Comparamos una habitación del Hilton con el asiento trasero de un Simca 1000. Comparamos el primer amor y el primer beso con todos los amores y todos los besos que vinieron después. Y terminamos por confundir las bodas de oro con el amor eterno.
Nos empeñamos en comparar lo incomparable, aunque solo sea por defender lo indefendible.

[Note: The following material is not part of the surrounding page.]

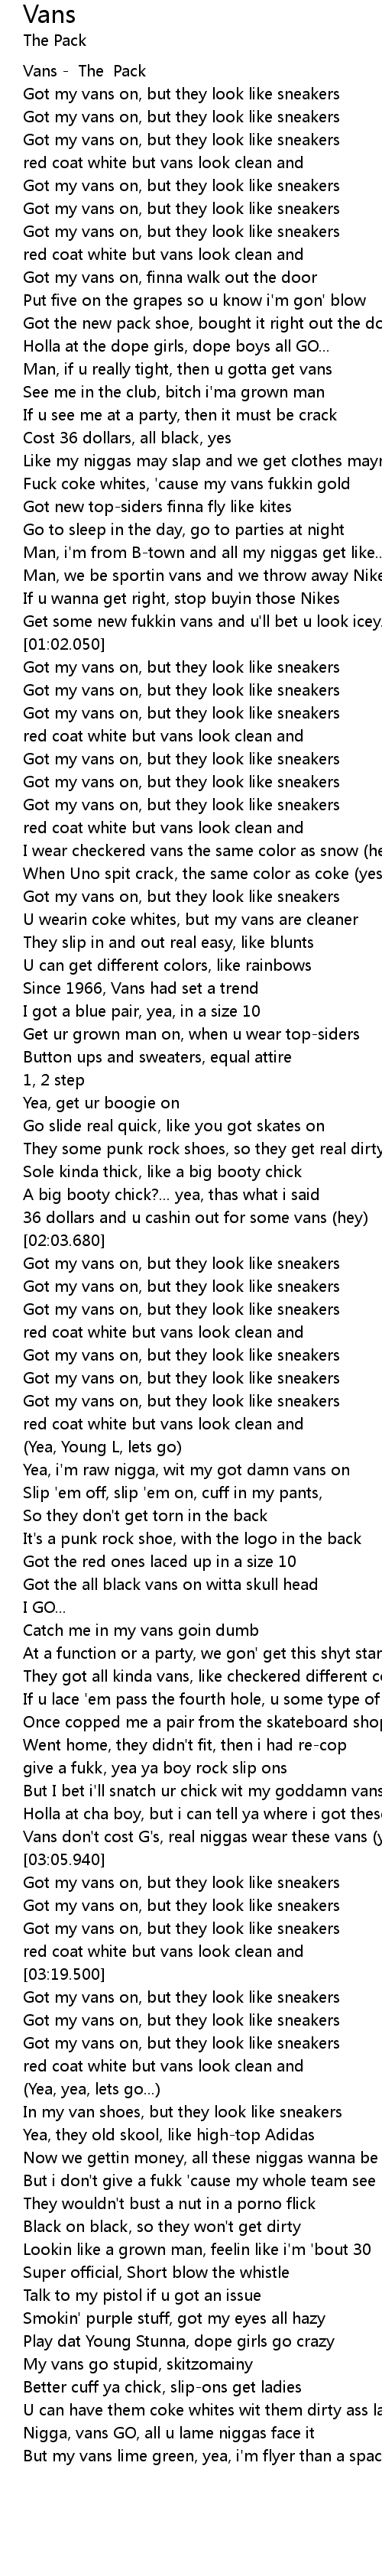 vans on but they look like sneakers lyrics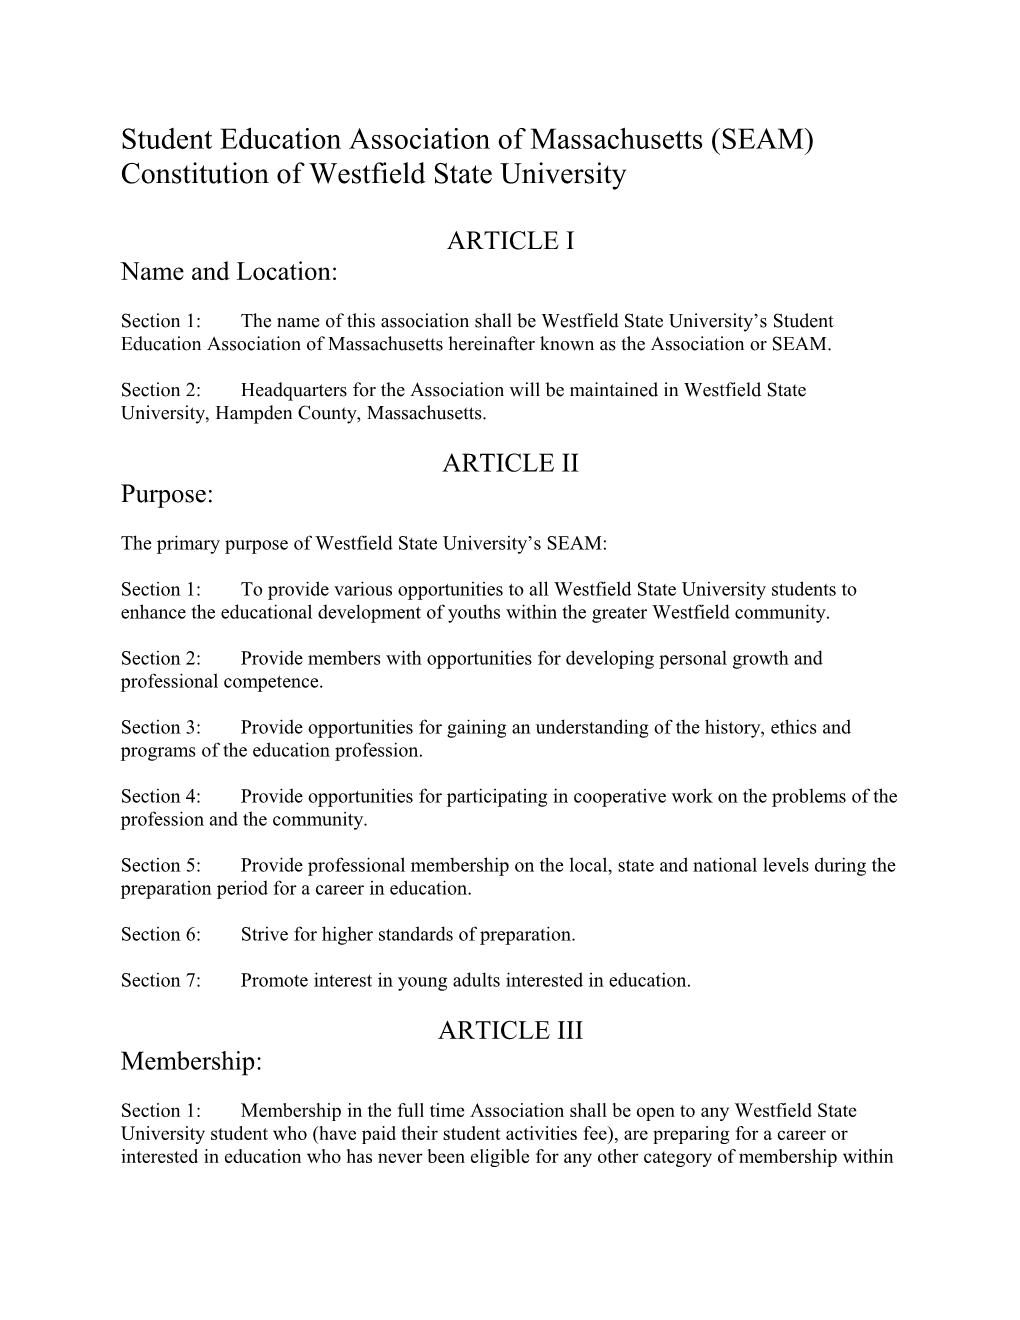 Student Education Association of Massachusetts (SEAM) Constitution of Westfield State University

Aunque solo sea por aprender a deambular entre el éxito y el fracaso sin llegar a caer arrastrados -salvo que el guión lo exija- por el precipicio de los complejos o el abismo de la rutina.
Las comparaciones pueden ser odiosas pero también es cierto que su correcta aplicación -debidamente pautada y bien dosificada- se puede convertir en bálsamo eficaz para tratar las heridas provocadas por las envidias, los celos o los recelos.
Pero sobre todo las comparaciones parecen casi siempre inevitables. Por ellas y con ellas vamos del infierno al paraíso -o viceversa- sin pasar por la casilla de salida, aunque de esa manera dejemos pasar a diario la ocasión de disfrutar de ese espacio que por méritos propios nos hemos ganado en el purgatorio.
En todo caso, comparando todo lo que se ponga por delante, pasados unos pocos lustros, cuando el mundo sea otro y su espacio vital muy diferente, un día, de repente, nuestro hijo entenderá que su padre tenía parte de razón.